Obtain textual representation of this set in from of open-right intervals and feed it to sink.

Used by various standard formatting facilities such as std.format.formattedWrite, std.stdio.write, std.stdio.writef, std.conv.to and others.

Example:
import std.conv;
assert(unicode.ASCII.to!string == "[0..128$(RPAREN)");

ref auto add()(uint a, uint b);
Add an interval [a, b) to this set.

Example:
CodepointSet someSet;
someSet.add('0', '5').add('A','Z'+1);
someSet.add('5', '9'+1);
assert(someSet['0']);
assert(someSet['5']);
assert(someSet['9']);
assert(someSet['Z']);

@property auto inverted();
Obtains a set that is the inversion of this set.

See the '!' opUnary for the same but using operators.

Example:
set = unicode.ASCII;
// union with the inverse gets all of the code points in the Unicode
assert((set | set.inverted).length == 0x110000);
// no intersection with the inverse
assert((set & set.inverted).empty);

string toSourceCode(string funcName = "");
Generates string with D source code of unary function with name of funcName taking a single dchar argument. If funcName is empty the code is adjusted to be a lambda function.

The function generated tests if the code point passed belongs to this set or not. The result is to be used with string mixin. The intended usage area is aggressive optimization via meta programming in parser generators and the like.

Note:
Use with care for relatively small or regular sets. It could end up being slower then just using multi-staged tables.

Example:
import std.stdio;

// construct set directly from [a, b$(RPAREN) intervals
auto set = CodepointSet(10, 12, 45, 65, 100, 200);
writeln(set);
writeln(set.toSourceCode("func"));

The above outputs something along the lines of:
bool func(dchar ch)
{
    if(ch < 45)
    {
        if(ch == 10 || ch == 11) return true;
        return false;
    }
    else if (ch < 65) return true;
    else
    {
        if(ch < 100) return false;
        if(ch < 200) return true;
        return false;
    }
}

const bool empty();
True if this set doesn't contain any code points.

Example:
CodepointSet emptySet;
assert(emptySet.length == 0);
assert(emptySet.empty);

template codepointSetTrie(sizes...) if (sumOfIntegerTuple!sizes == 21)
A shorthand for creating a custom multi-level fixed Trie from a CodepointSet. sizes are numbers of bits per level, with the most significant bits used first.

Note:
The sum of sizes must be equal 21.

See Also:
toTrie, which is even simpler.

Example:
{
    import std.stdio;
    auto set = unicode("Number");
    auto trie = codepointSetTrie!(8, 5, 8)(set);
    writeln("Input code points to test:");
    foreach(line; stdin.byLine)
    {
        int count=0;
        foreach(dchar ch; line)
            if(trie[ch])// is number
                count++;
        writefln("Contains %d number code points.", count);
    }
}

template CodepointSetTrie(sizes...) if (sumOfIntegerTuple!sizes == 21)
Type of Trie generated by codepointSetTrie function.

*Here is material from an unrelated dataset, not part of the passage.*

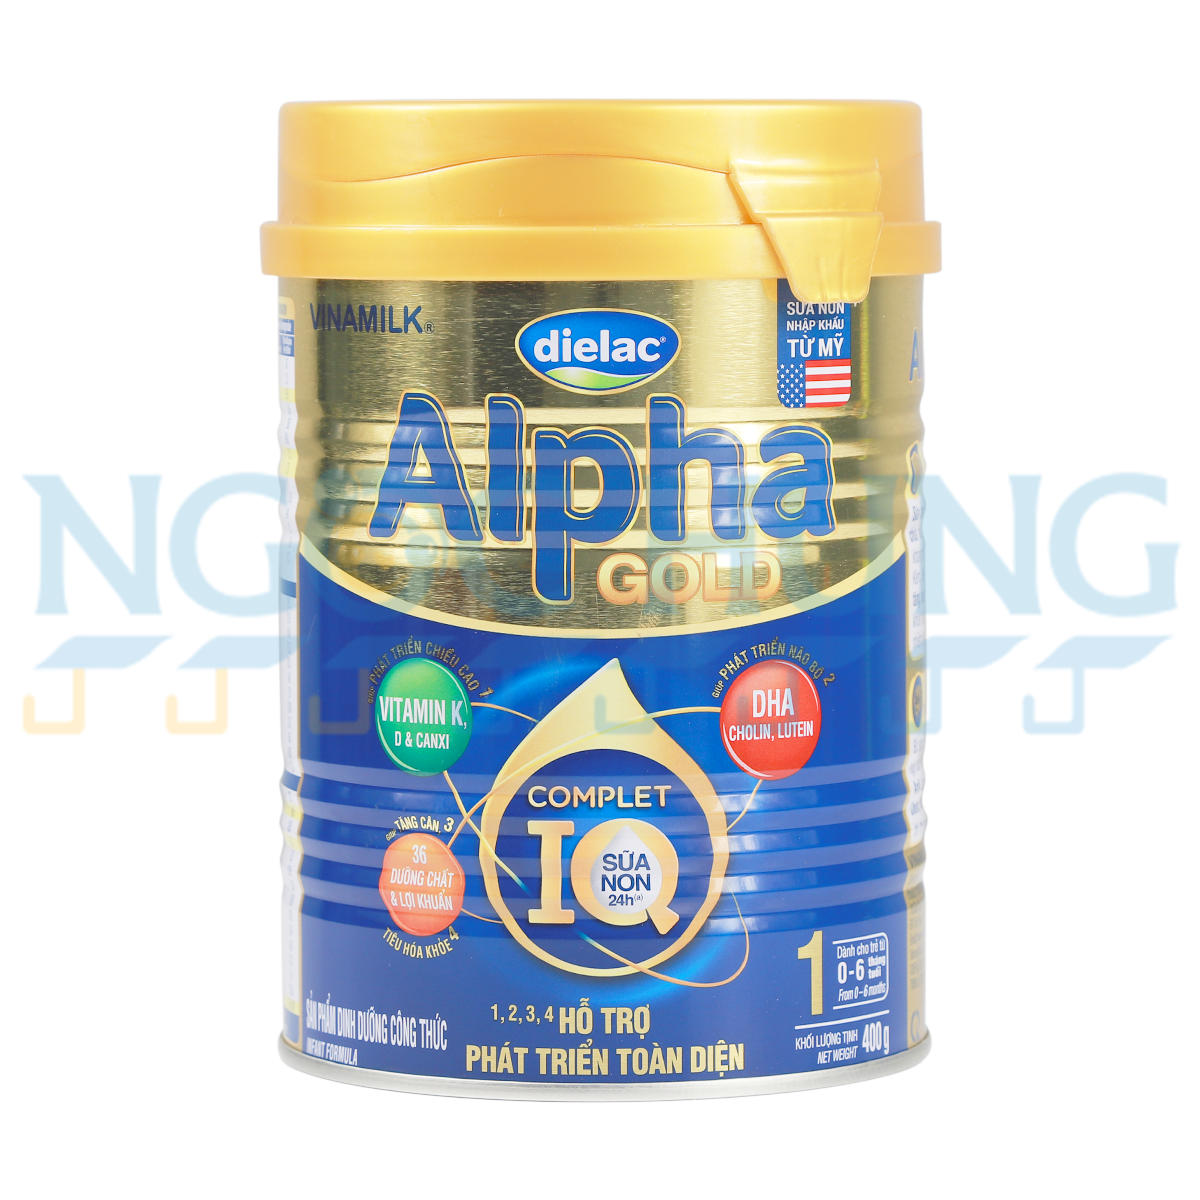 Sữa bột  Vinamilk Dielac Alpha IQ Gold 1 sữa non 400g
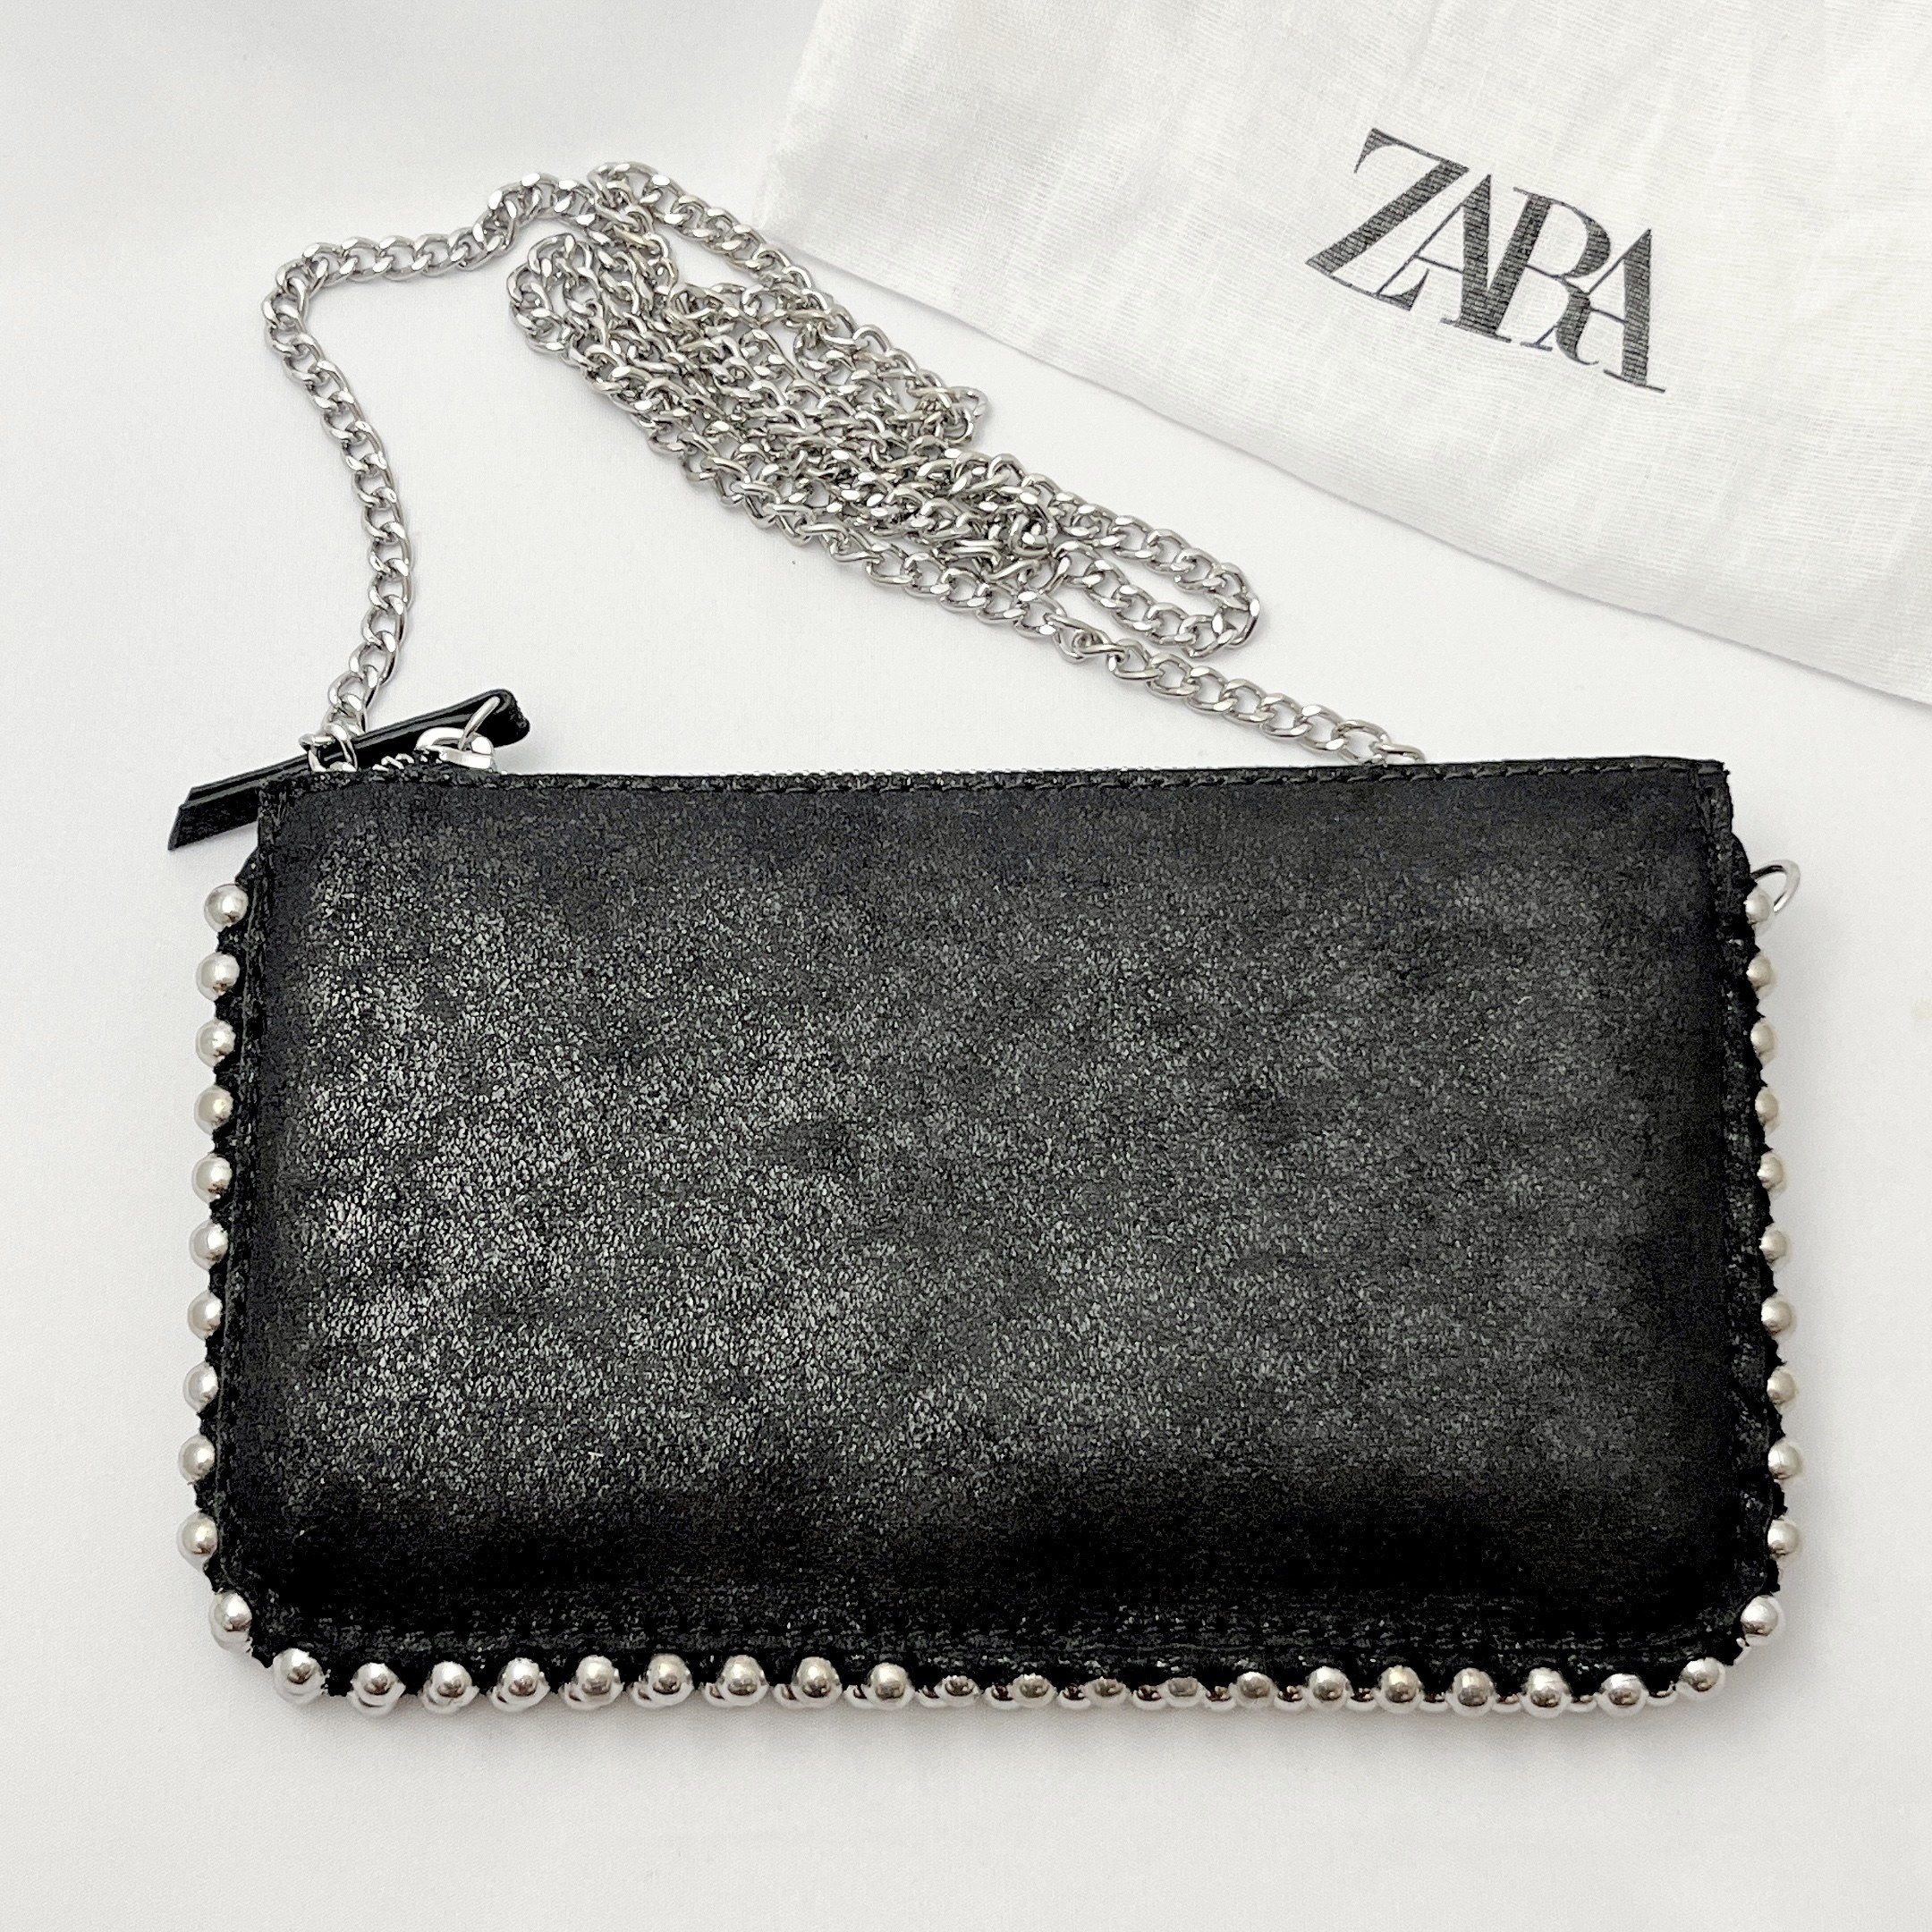 ZARA（ザラ）のおすすめレディースファッション小物「スタッズ付きブラッククロスボディバッグ」

template codepointTrie(T, sizes...) if (sumOfIntegerTuple!sizes == 21)
A slightly more general tool for building fixed Trie for the Unicode data.

Specifically unlike codepointSetTrie it's allows creating mappings of dchar to an arbitrary type T.

Note:
Overload taking CodepointSets will naturally convert only to bool mapping Tries.

Example:
// pick characters from the Greek script
auto set = unicode.Greek;

// a user-defined property (or an expensive function)
// that we want to look up
static uint luckFactor(dchar ch)
{
    // here we consider a character lucky
    // if its code point has a lot of identical hex-digits
    // e.g. arabic letter DDAL (\u0688) has a "luck factor" of 2
    ubyte[6] nibbles; // 6 4-bit chunks of code point
    uint value = ch;
    foreach(i; 0..6)
    {
        nibbles[i] = value & 0xF;
        value >>= 4;
    }
    uint luck;
    foreach(n; nibbles)
        luck = cast(uint)max(luck, count(nibbles[], n));
    return luck;
}

// only unsigned built-ins are supported at the moment
alias LuckFactor = BitPacked!(uint, 3);

// create a temporary associative array (AA)
LuckFactor[dchar] map;
foreach(ch; set.byCodepoint)
    map[ch] = luckFactor(ch);

// bits per stage are chosen randomly, fell free to optimize
auto trie = codepointTrie!(LuckFactor, 8, 5, 8)(map);

// from now on the AA is not needed
foreach(ch; set.byCodepoint)
    assert(trie[ch] == luckFactor(ch)); // verify
// CJK is not Greek, thus it has the default value
assert(trie['\u4444'] == 0);
// and here is a couple of quite lucky Greek characters:
// Greek small letter epsilon with dasia
assert(trie['\u1F11'] == 3);
// Ancient Greek metretes sign
assert(trie['\U00010181'] == 3);

template CodepointTrie(T, sizes...) if (sumOfIntegerTuple!sizes == 21)
Type of Trie as generated by codepointTrie function.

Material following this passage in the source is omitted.